* What the task requires
All of the lines below need to be copied exactly, apart from the pictures.

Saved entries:
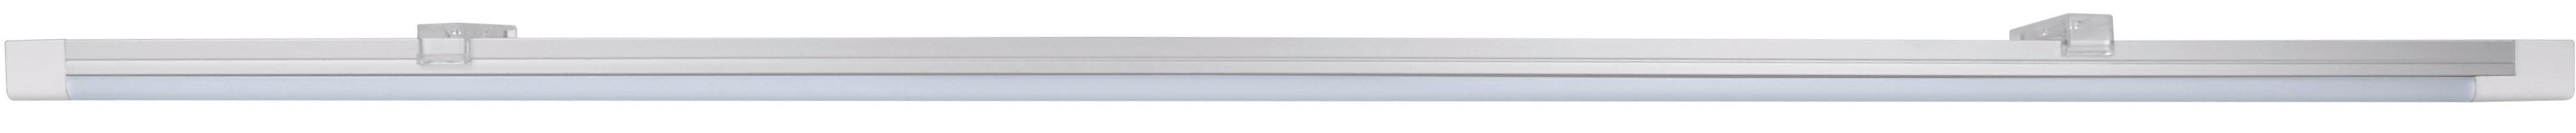 Unterbauleuchte 1x Led 15 W, aus Kunststoff Weiß 220-240 V - Weiß, Basics, Kunststoff (90/3,2/1,4cm)
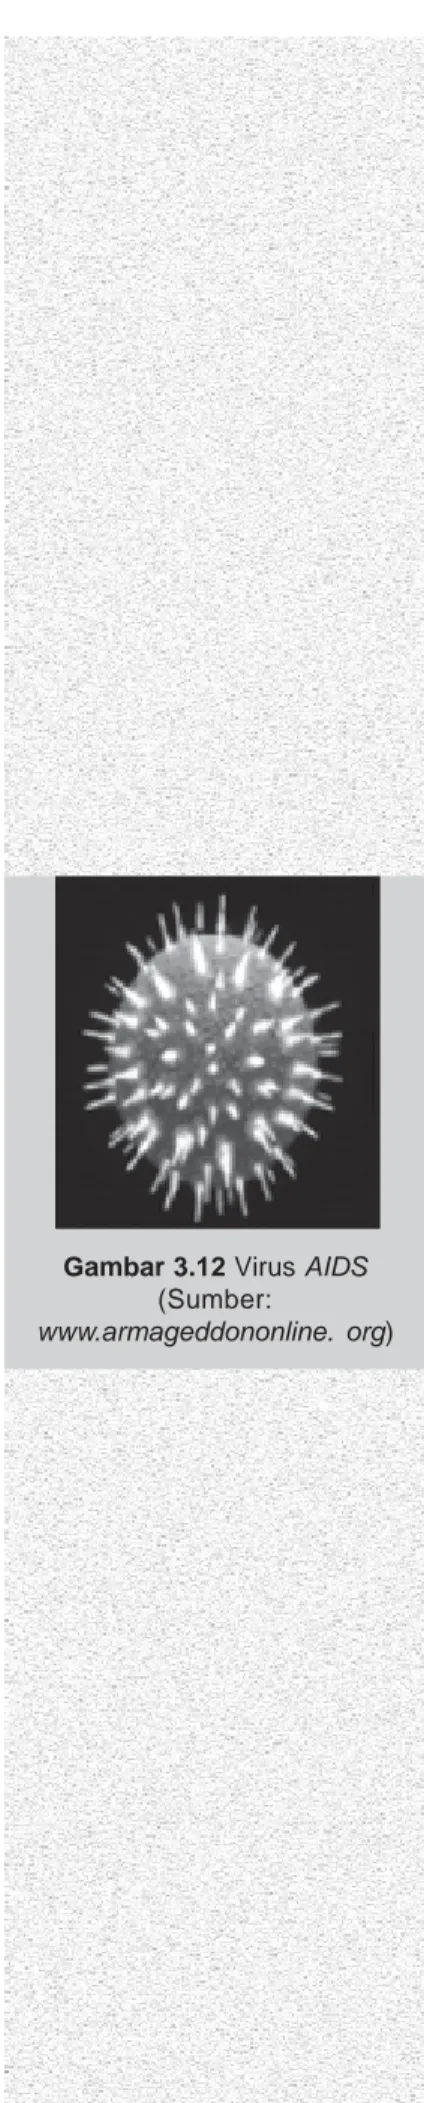 Gambar 3.12 Virus AIDS (Sumber:
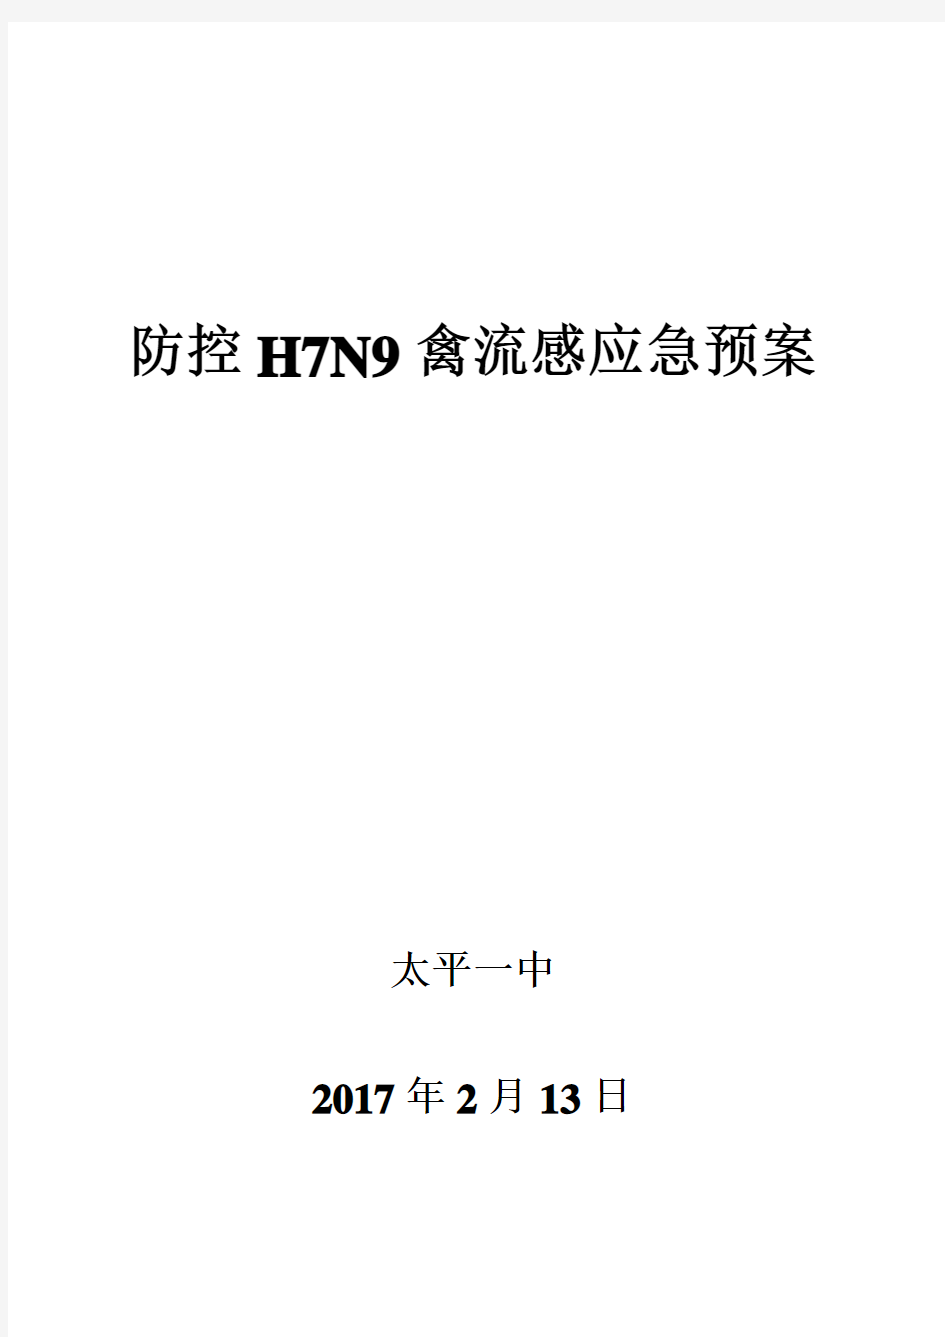 太平一中防控H7N9禽流感应急预案
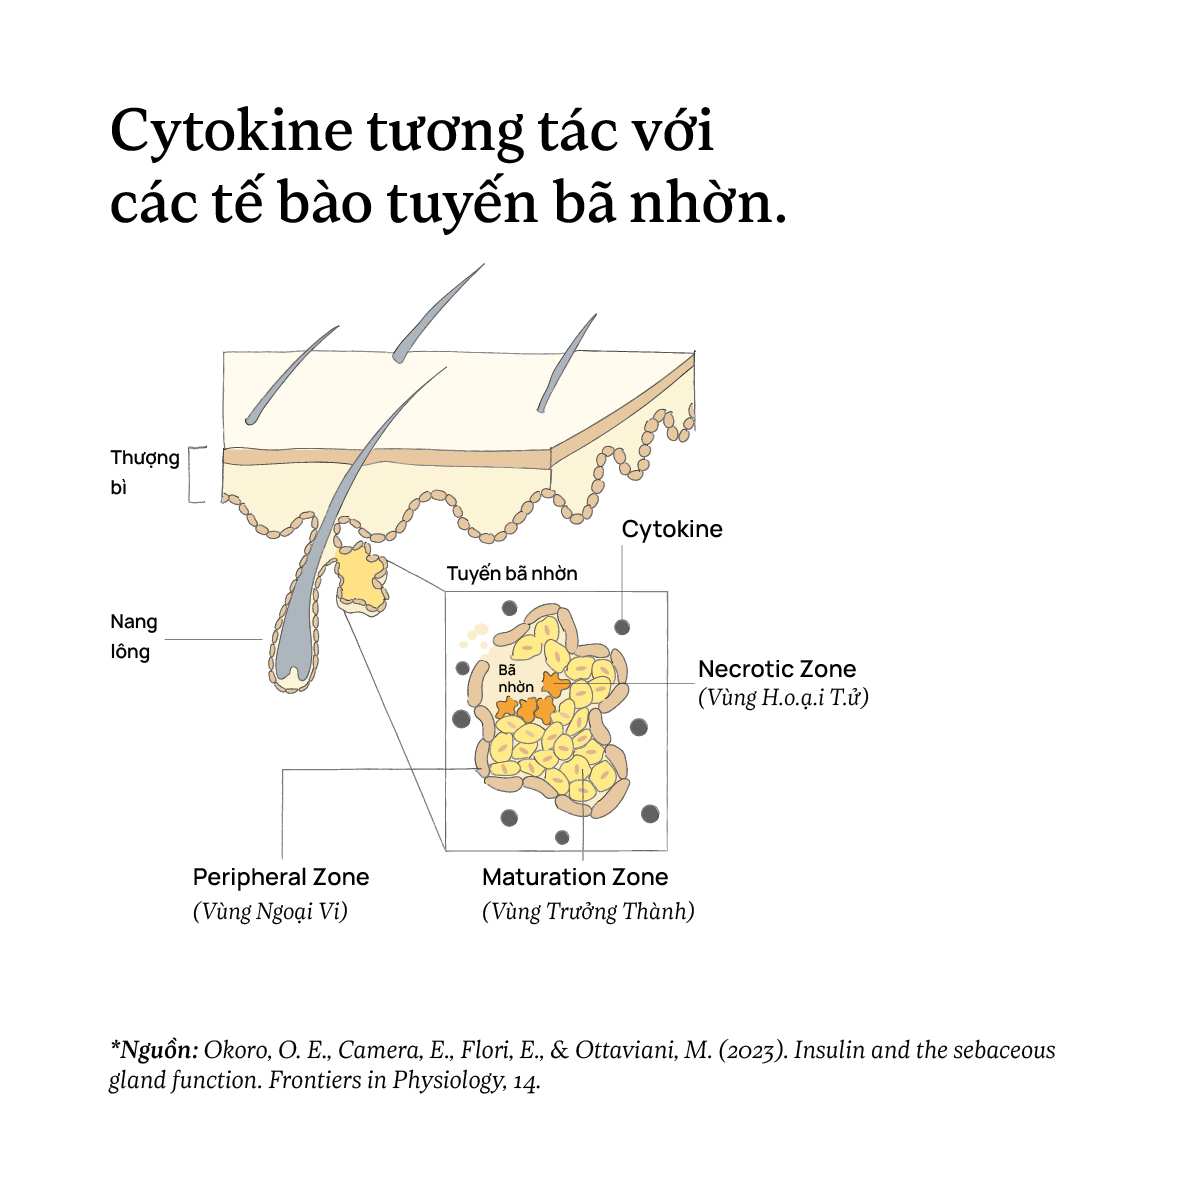 Cytokine tương tác với các tế bào tuyến bã nhờn
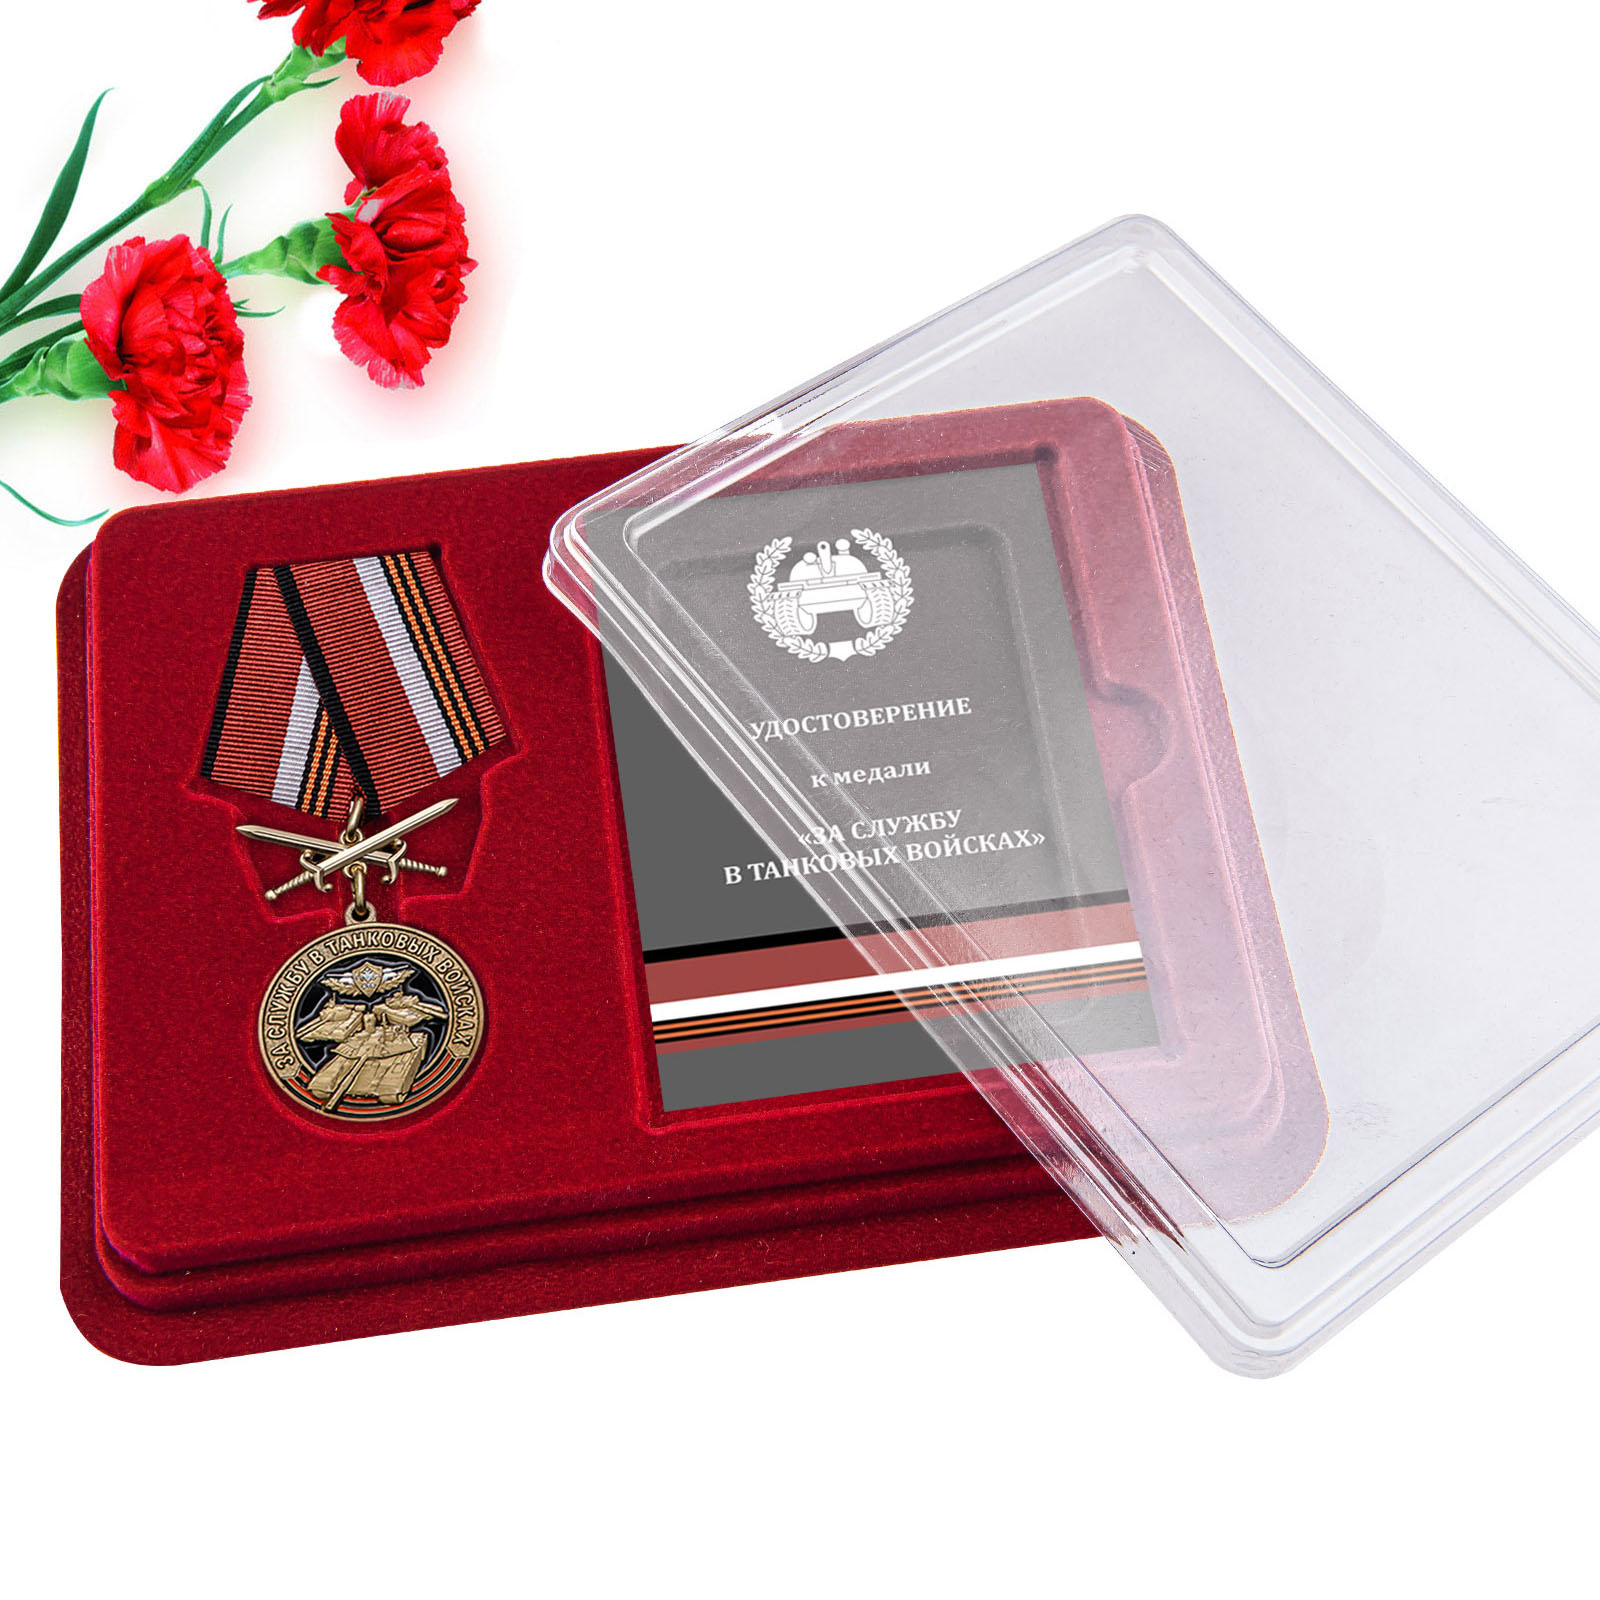 Купить медаль За службу в Танковых войсках по экономичной цене

* Solution below
 Unterbauleuchte 1x Led 15 W, aus Kunststoff Weiß 220-240 V - Weiß, Basics, Kunststoff (90/3,2/1,4cm)
 Gambar 3.12 Virus AIDS (Sumber:
 太平一中防控H7N9禽流感应急预案
 Cytokine tương tác với các tế bào tuyến bã nhờn
 Купить медаль За службу в Танковых войсках по экономичной цене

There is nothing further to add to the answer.